Thrilled, Brooke was grinning ear to ear. ‘Oh, this is amazing.’
Flaherty’s eyes twinkled with admiration as he watched how she worked the pieces apart with patient dexterity. There was an endearing childlike innocence lurking beneath Brooke Thompson’s sophisticated exterior; that wide-eyed wonderment that seemed to exist only on Christmas morning. And in this intimate moment, her passion for archaeology and discovery burned like the sun.

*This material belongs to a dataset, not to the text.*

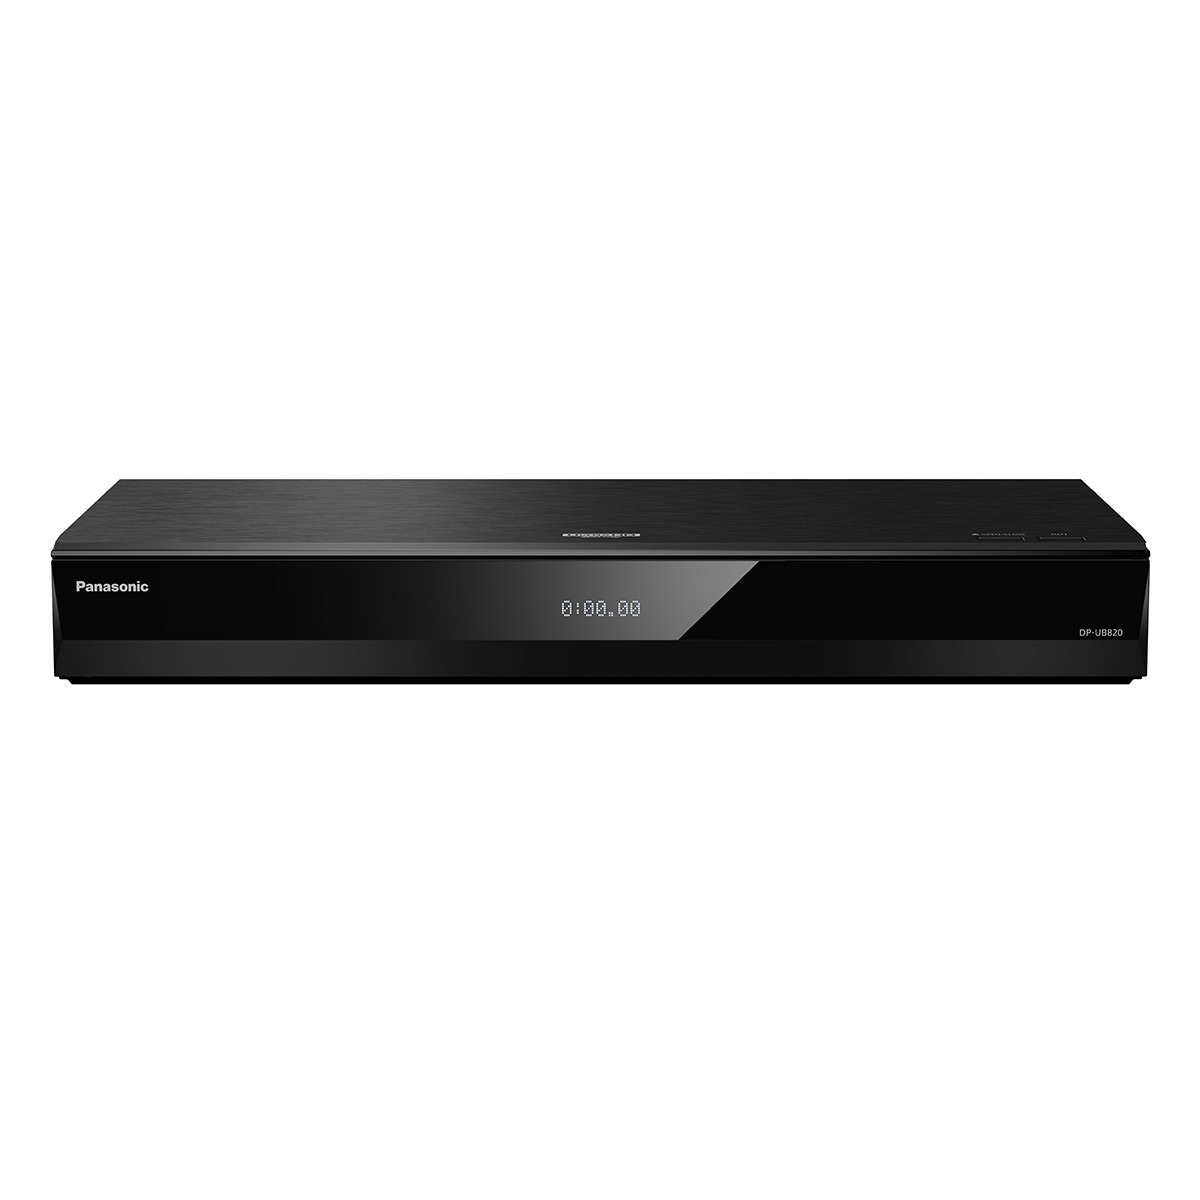 Panasonic DP-UB820-K 4K Ultra HD Blu-ray Player with HDR10+ and Dolby Vision Playback - image 1 of 4

Brooke spread the pottery halves so that their crescent-shaped bottom surfaces slid out from under the solidified inner mass. The liberated core clunked down against the bottom of the display case. ‘My God, Tommy … look at this!’ she gasped
Setting aside his irrational superstitions, he stepped up to the case and peered in at what she’d found. He cringed at the frightful sight. ‘Mother Mary.’
‘It’s beautiful,’ she said.
‘Beautiful?’ Flaherty said. What had been inside the jar resembled a solid, honey-coloured crystal ball, much the same as the one containing Lilith’s ghastly head. And coiled up inside the opaque mass was a considerably large snake whose jaws were hinged open and frozen in place, as if it had been drowned. Like its beheaded charmer, the snake’s malevolent eyes were wide open in a threatening glare. Its hooked fangs were easily five centimetres long. The black, ropey body — thick as a beer can — was covered in scales the size of his thumbnail. He guessed that if he could stretch the thing out, it would be nearly two metres. ‘That’s a bizarre choice for a pet.’